In response to the second learning outcome question, which relates to the their vocational calling, students reported that through the public relations campaign project and readings they realized that their vocation is to help people and that whatever job that leads them to do that will allow them to be content in life, that the public relations campaign process made their God-given talent and vocation more readily apparent, and that they are called to a mission field filled with opportunities to reveal God’s identity through the creation and maintaining of organizations’ identities.

Azusa Pacific University’s Center for Academic Service Learning surveys students at the conclusion of a project. Public Relations Management students who responded unanimously reported that their learning in this specific course was enhanced by the service-learning project, and the majority said they were able to make connections between course content and service-learning experiences, live out Christian values, and understand the connection between their service-learning and their personal faith.

Tips for Getting Started

First, allow ample time to build the service-learning project and faith integration elements, and revise as needed. Start by examining your program and course student learning outcomes, and make sure they are aligned and can be achieved through a service-learning project that integrates faith. Then, begin with perhaps one project element and “scaffold” from there. I have found it helpful to provide detailed instructions for each project element, clear rubrics, and examples of high-quality project elements completed by students in previous classes, so that students will know the standards they are expected to meet. The weekly journals and meetings, midterm feedback, reflection papers, and peer evaluations help me to monitor how students are experiencing the entire process, anticipate problems or correct them quickly, and make changes for future classes.

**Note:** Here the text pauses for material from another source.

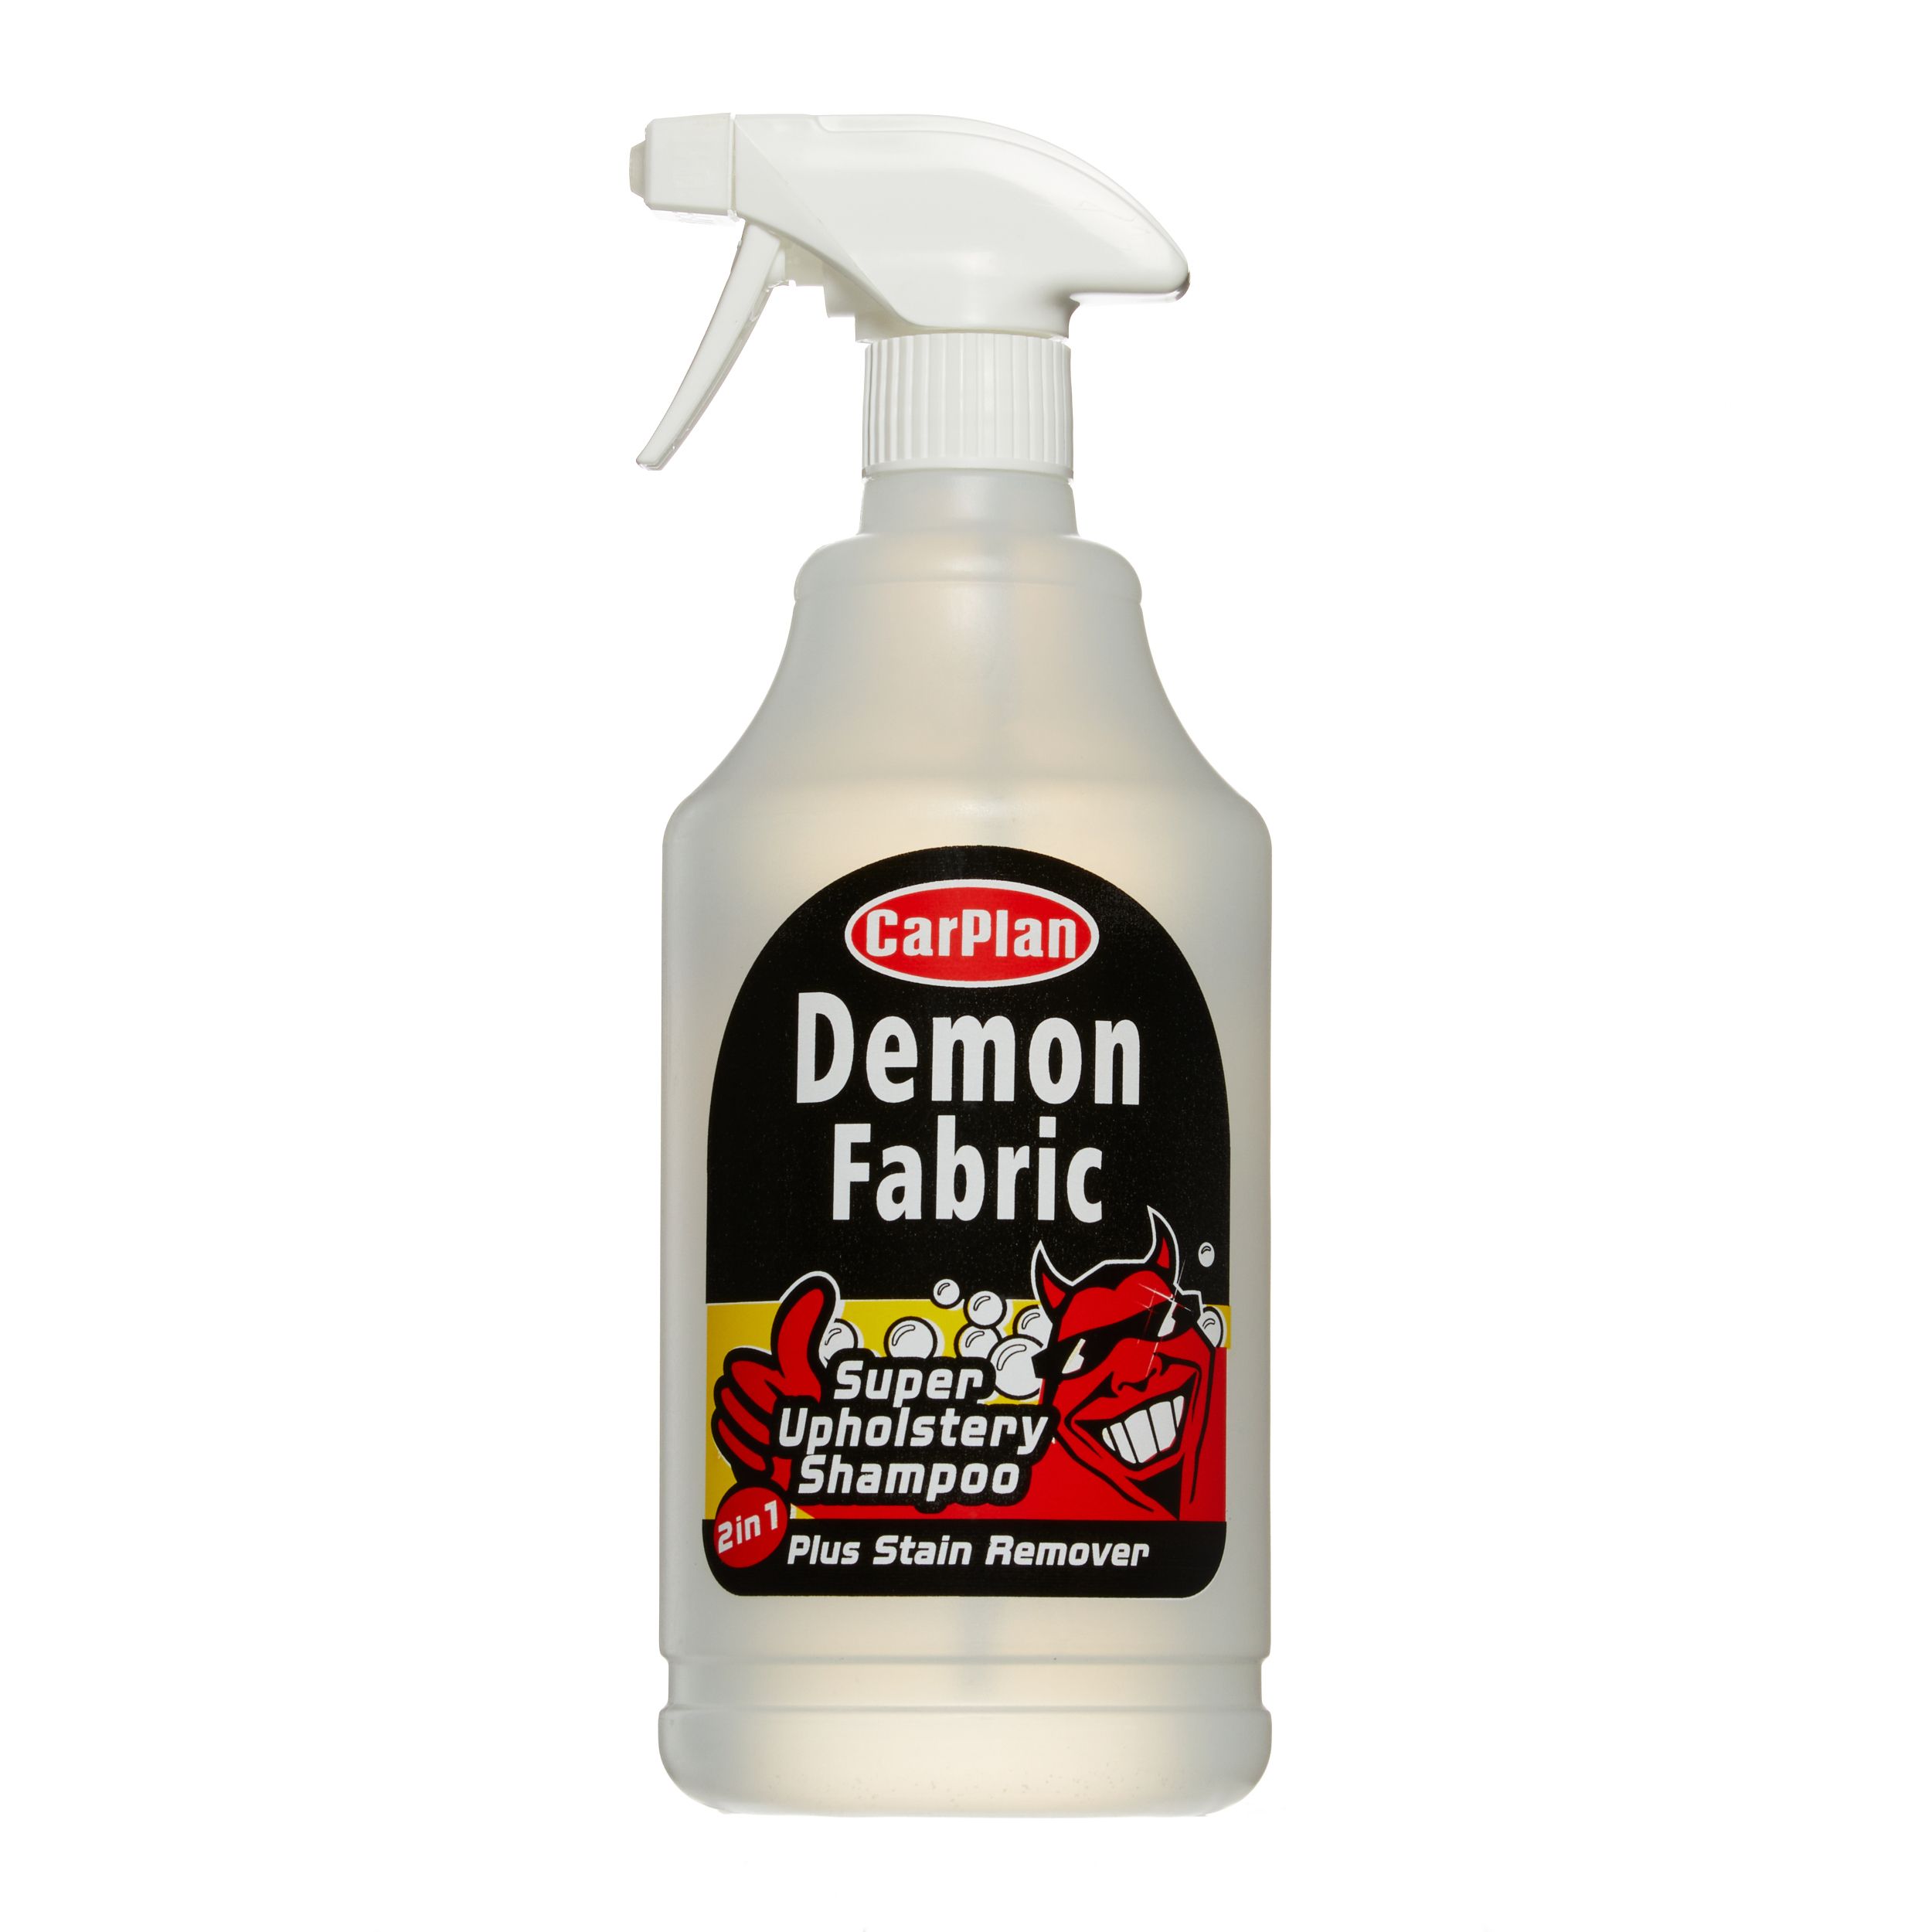 CarPlan Demon Fabric Upholstery Cleaner, 1L Bottle

Second, select your service-learning project client partners and projects carefully. When building new nonprofit partnerships, I begin with a phone call, followed by an in-person meeting if there is mutual interest and our goals align. It is essential that the client organization, especially the representative you and your students will be interacting with throughout the semester, understand that this is an academic learning experience, and understand what your particular course (and professional simulation, in my case) is designed to achieve. I recommend crafting a detailed letter that describes the project’s purpose, process, and expectations for both students and the client organization along with a statement of the instructor’s role and oversight.

Conclusion

Overall, this practical capstone experience is preferred by my graduating seniors, is conventional in public relations education, and is impressive to professionals. A culminating academic service-learning project is an excellent way for students to apply their knowledge and skills in ways that are informed by their faith, as they also come to better understand their vocational calling. There are many excellent service-learning organizations with resources, conferences, and educational and research opportunities, and veteran service-learning educators (like me) are generous in sharing their expertise.

Notes

[1] Richard Foster, Streams of Living Water (New York: HarperCollins, 1998).

[2] Bob Briner, Roaring Lambs (Grand Rapids: MI, Zondervan, 1993).

[3] Richard Hughes, The Vocation of the Christian Scholar: How Christian Faith Can Sustain the Life of the Mind (Grand Rapids, MI: Eerdmans, 2005).

[4] Mark Cosgrove, Foundations of Christian Thought: Faith, Learning, and the Christian Worldview (Grand Rapids, MI: Kregel, 2006).

[5] Gordon T. Smith, Courage and Calling (Downers Grove, IL: InterVarsity Press, 1999).